Screamer ist ein Spiel mit 9/10 Punkten. Milestone hat etwas wirklich Ungewöhnliches geschaffen: einen Arcade-Racer mit der Spielmechanik eines Kampfspiels, der visuellen Qualität einer Anime-Serie und einer Steuerung, deren Beherrschung zwar Zeit braucht, die diese Mühe aber mit einem Tempo und einer Präzision belohnt, die das Genre selten bietet.
Vorteile:
- Die Steuerung mit zwei Joysticks ist anspruchsvoll und wirklich lohnend, sobald die Mechanik funktioniert.
- Die hohe Produktionsqualität des Animes und das starke Autodesign verleihen ihm eine durchgängig starke visuelle Identität.
- Anpassungsmöglichkeiten im Arcade-Modus und lokaler Vier-Spieler-Splitscreen sorgen für langanhaltenden Wiederspielwert.
Nachteile:
- Der Schwierigkeitsgrad des Turniers ist unberechenbar, da einige Missionen um fehlerhafte oder unklare Ziele herum aufgebaut sind.
- Vier Streckenumgebungen in 32 Layouts erzeugen eine signifikante visuelle Wiederholung.
Der Turniermodus weist einige strukturelle Probleme auf: einen ungleichmäßigen Schwierigkeitsgrad, Missionen mit unklaren oder unlogischen Zielen, eine Visual-Novel-artige Präsentation, die den Spielfluss in den ersten Stunden unnötig in die Länge zieht, und eine zu dürftig auf vier Umgebungen verteilte Streckenauswahl. Das Kampfsystem ist zunächst überfordernd, bevor es wirklich überzeugt. Doch der Kern des Spielerlebnisses – rasantes Driften mit zwei Sticks durch neonbeleuchtete Rennstrecken, das effiziente Management von Sync- und Strike-Ressourcen unter Zeitdruck und die Möglichkeit, Arcade-Events individuell anzupassen – bietet ein Rennspielerlebnis, das das Genre seit Langem nicht mehr versucht hat.

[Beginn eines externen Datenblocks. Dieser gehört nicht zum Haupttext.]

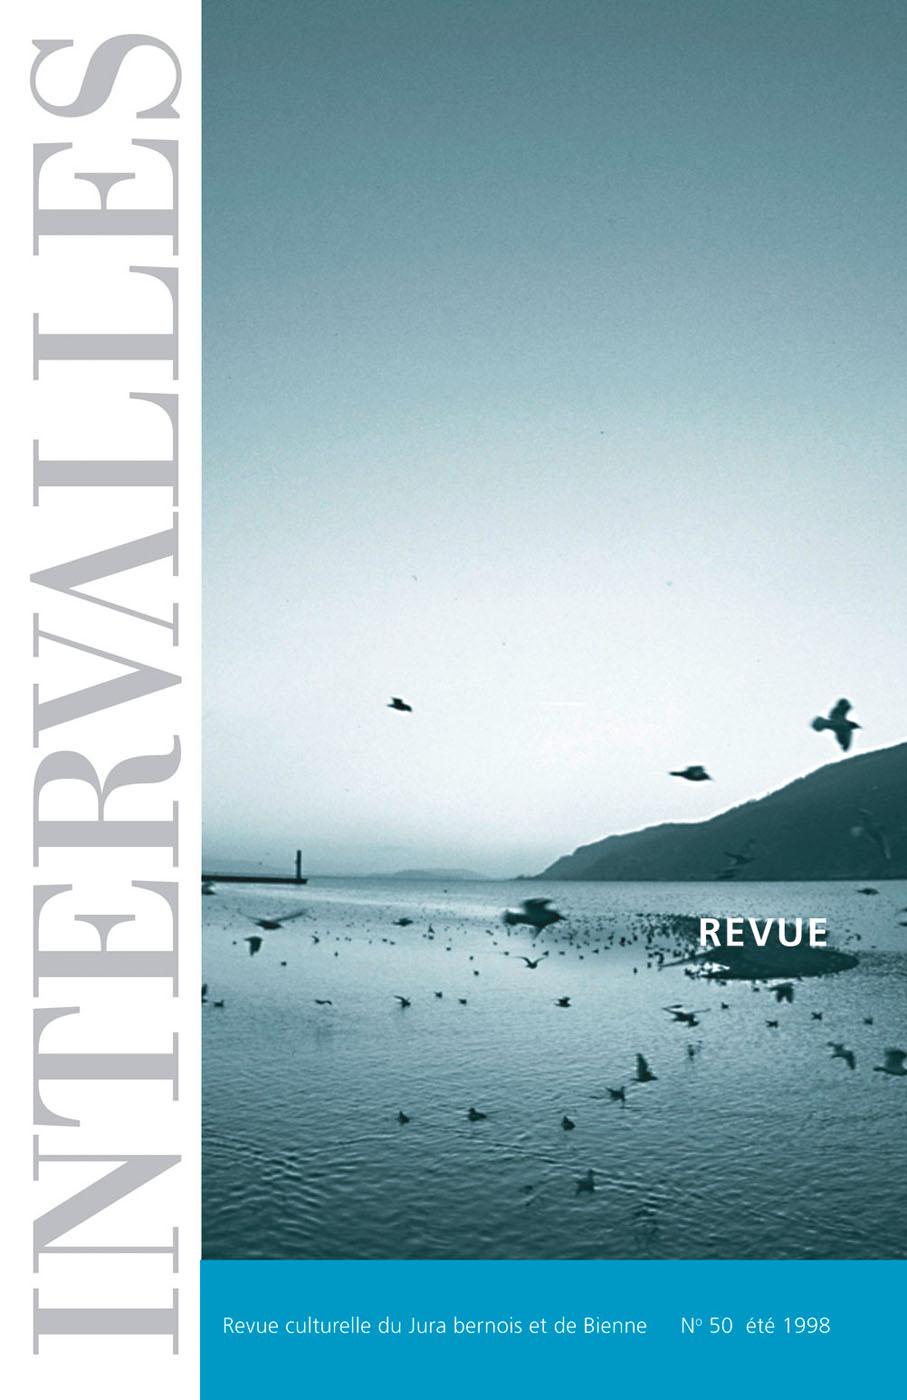 No 50 – Revue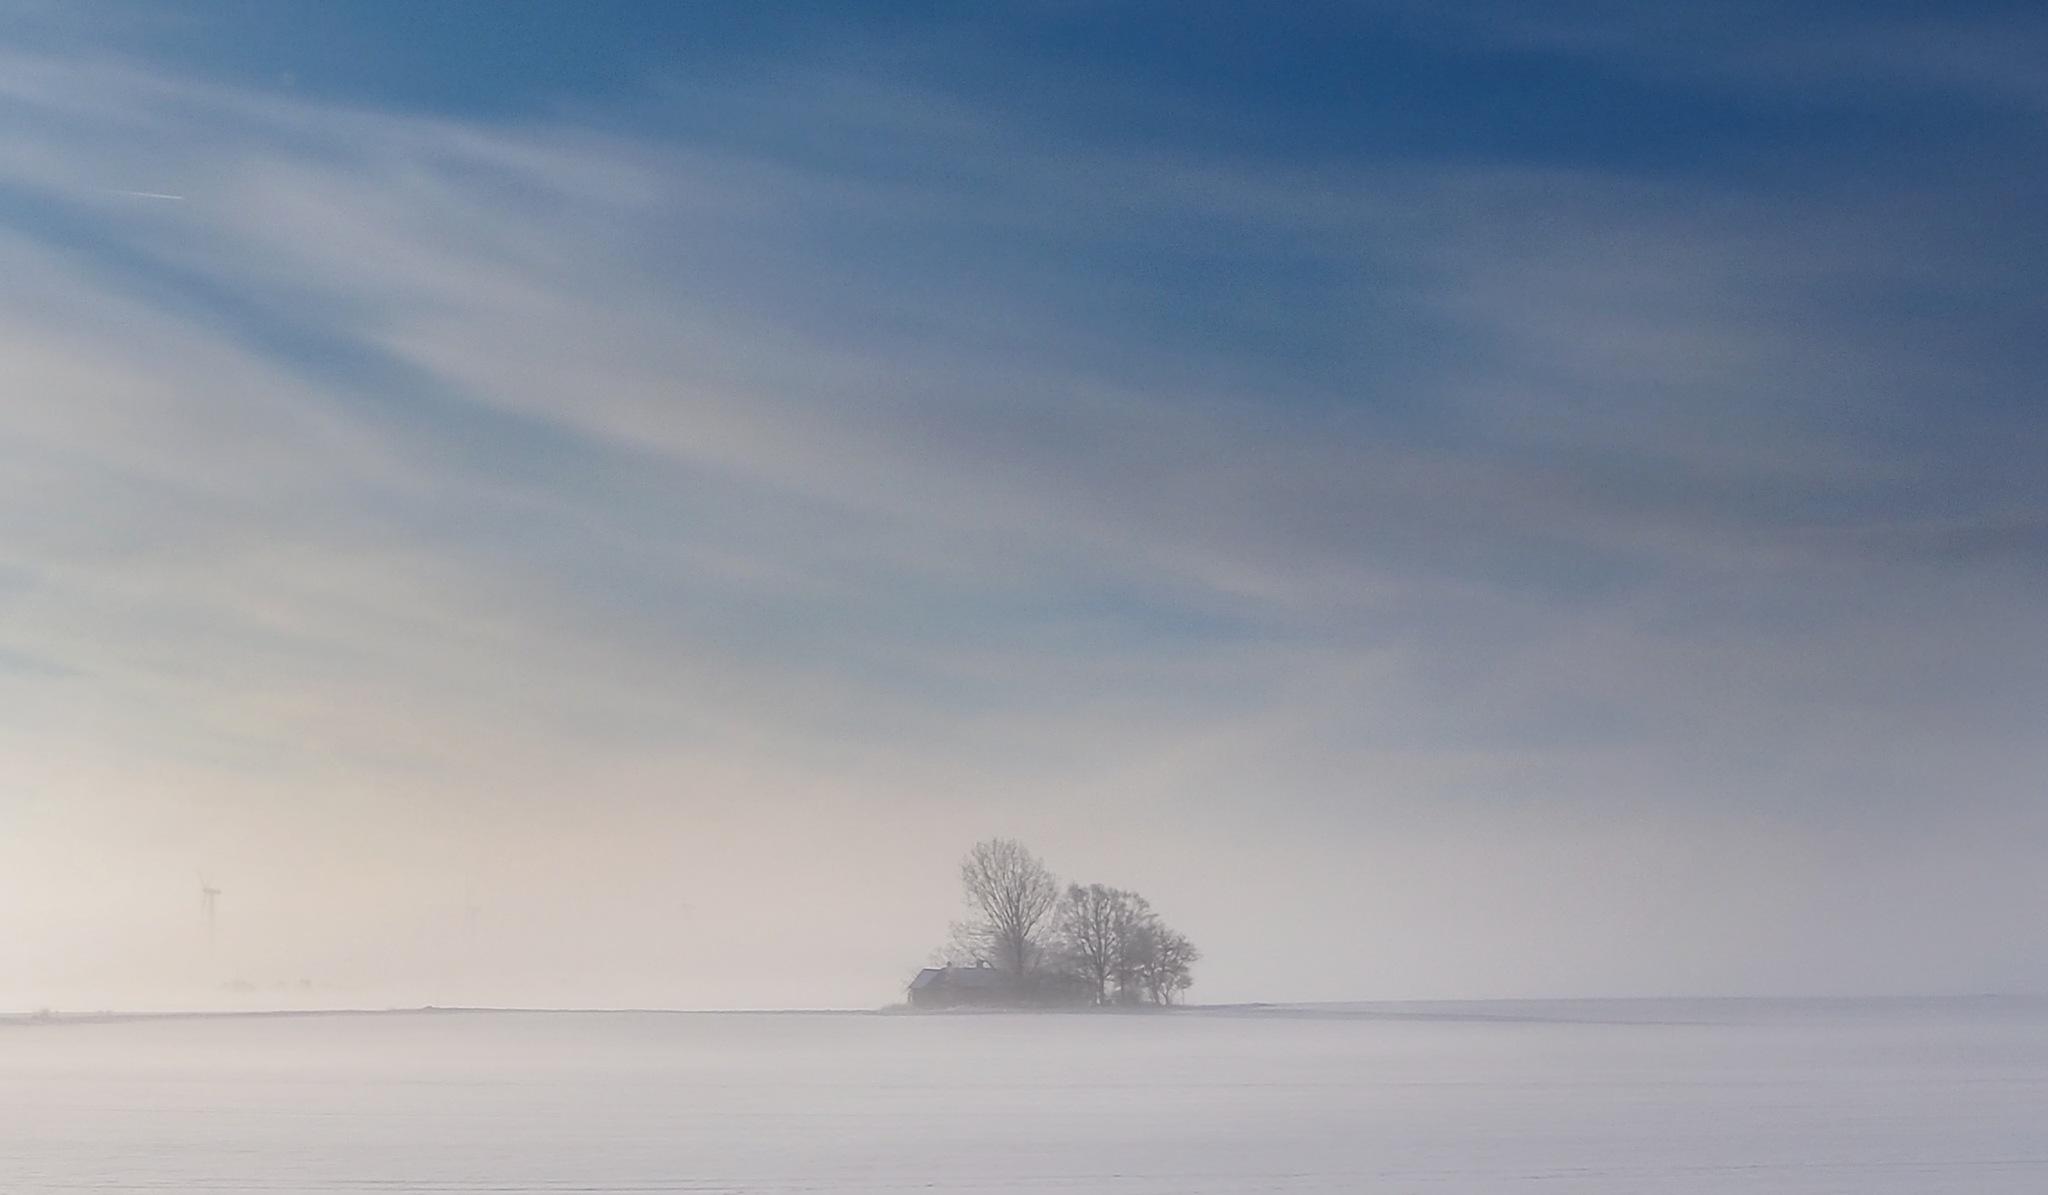 Fog over the plain by Lena Schöld

Spieler, die diese Hürde überwinden, finden ein Rennspiel vor, das in einem Genre, das selten etwas Vergleichbares versucht, selbstbewusst und originell agiert. Milestone hat auf etwas Ungewöhnliches gesetzt und die Spielmechanik entsprechend ausgearbeitet. Allein das hebt Screamer von den meisten anderen Spielen auf dem Markt ab.